= Johannes Heinrich Becker =

German Nazi in Australia (1898–1961)

Johannes Heinrich Becker (27 September 1898 – 21 February 1961) was a German immigrant to Australia and member of the German Nazi Party. He immigrated to Australia in 1927. In 1933 he was appointed as the Nazi state trustee for Australia. He was later the state leader of the Nazi Party of Australia, but was removed as state leader in 1936. During World War II, Becker was interned by the Australian authorities and after the war, in 1947, he was deported to West Germany, where he lived until his death in 1961.

==Early life==
Becker was born on 27 September 1898 in Schmalkalden, Thuringia, Germany, the son of art teacher Heinrich Thomas Becker and his wife Frieda Johanne Luise (née Hornäffer). In World War I, Becker enlisted in the Imperial German Army, with tours in Verdun, France, and Ypres, Belgium. Eventually earning the rank of corporal, he was wounded on a couple of occasions and presented with the Iron Cross. Becker later attended the University of Marburg, graduating in 1924 with a degree in medicine. He worked on board a ship as a doctor for a year before emigrating to South Australia in 1927.

==Career==
Becker worked as a doctor at Tanunda, Barossa Valley but unsuccessfully applied to be a naturalised citizen in 1930. While not officially registered as a doctor in Australia, Becker continued to practise till 1939, earning the ire of the local British Medical Association authorities. Becker emerged victorious in two libel cases against the association and was supported by both his patients and Sir Richard Layton Butler. From 1933 to 1934, Becker made a few trips to Germany.

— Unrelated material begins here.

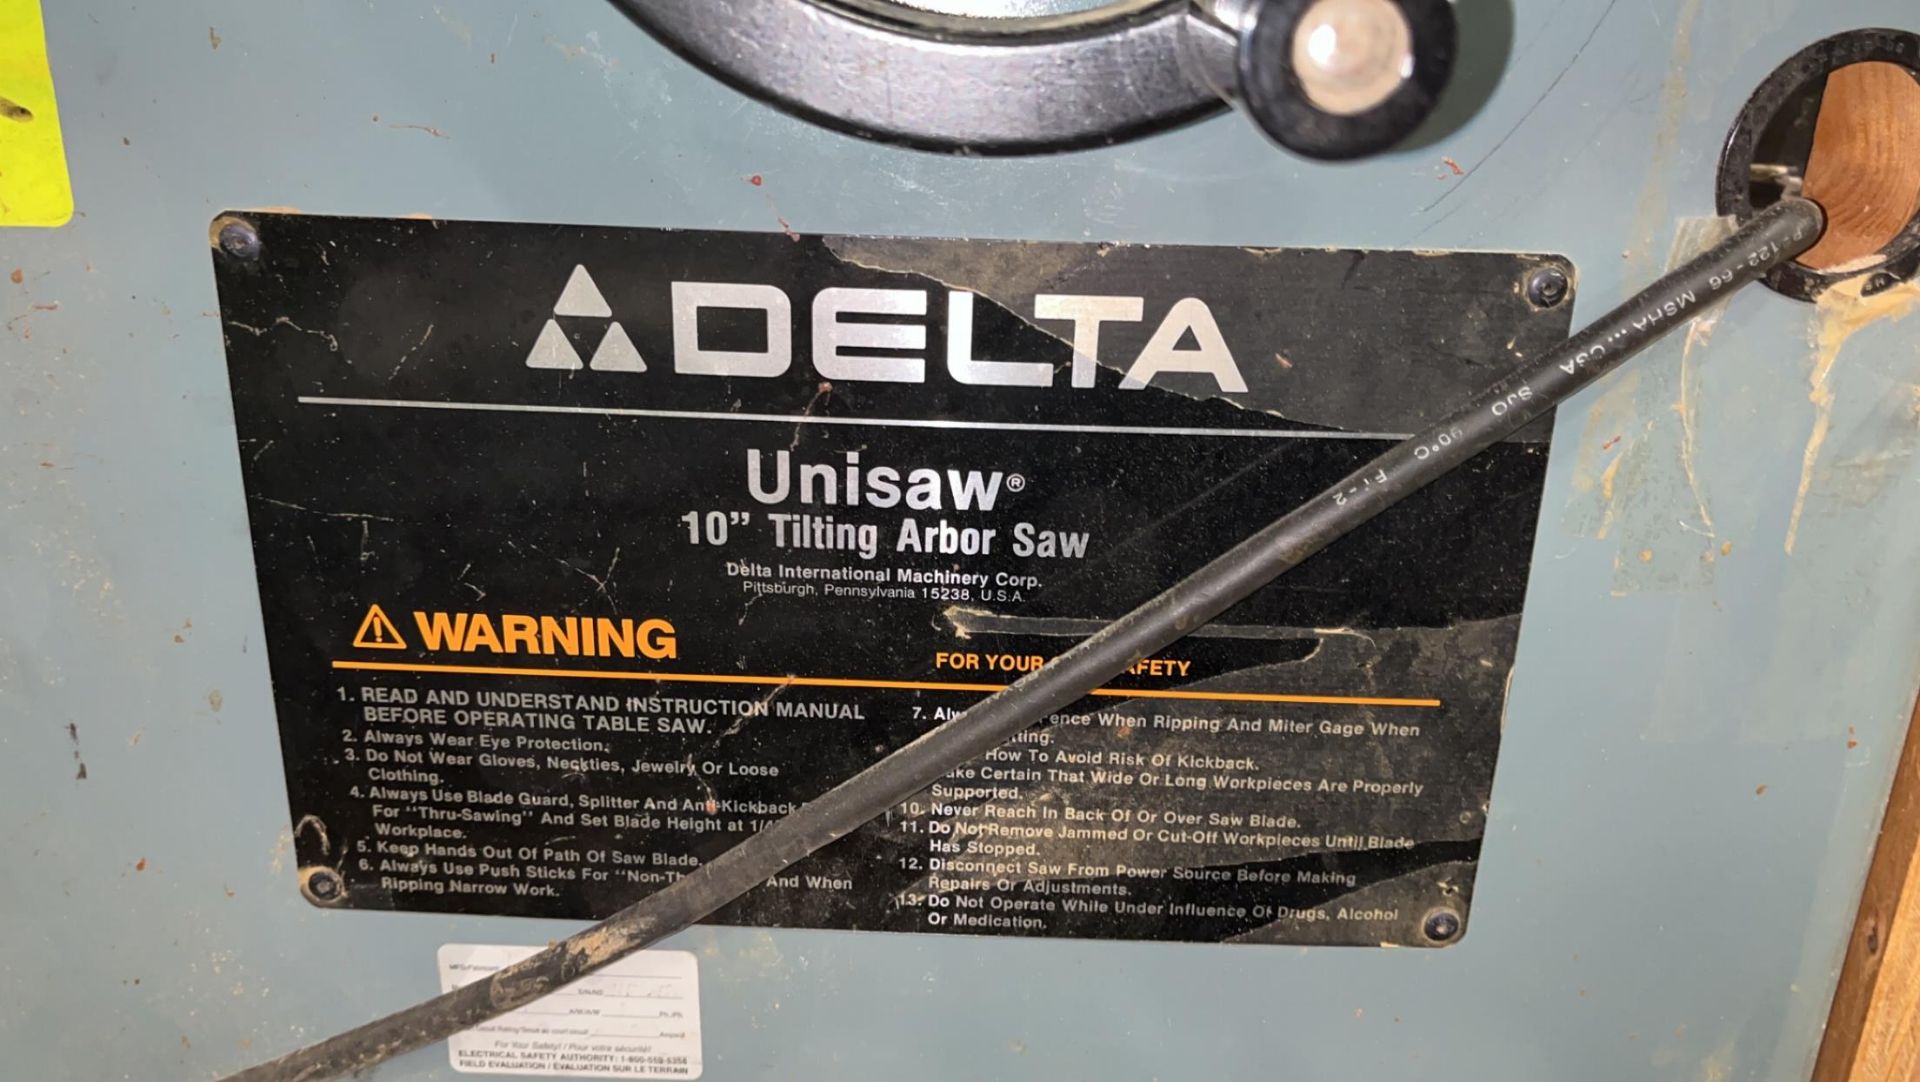 Delta Unisaw 34-450 10'' Tilting Arbor Saw - Image 4 of 8

On 1 March 1932, Becker became a member of the German Nazi Party. A year later, he was appointed as the Nazi state trustee (Landesvertrauensmann) for Australia. Becker was eventually promoted to state leader (Landeskreisleiter) of the Nazi Party of Australia. However, his leadership approach did not impress the Nazi top brass in Berlin and he was removed from his post in late 1936. During World War II, Becker was interned in Tatura, Victoria and in Loveday, South Australia. In December 1947, he was deported to occupied Germany and cleared of any wrongdoing by a "denazification" tribunal. Nonetheless, his numerous requests to return to Australia were rejected, and his marriage was annulled by the South Australian Supreme Court in 1953.

==Personal life and death==
Becker married Mona Gertrude Price on 22 August 1932 at the Adelaide-based St Stephan's Lutheran Church; they had a son and a daughter. Becker's son, Heini (born 1935), served as a member of the South Australian Parliament from 1970 until 1997. Johannes Becker spent his final years in West Germany and died on 21 February 1961 in Bremen.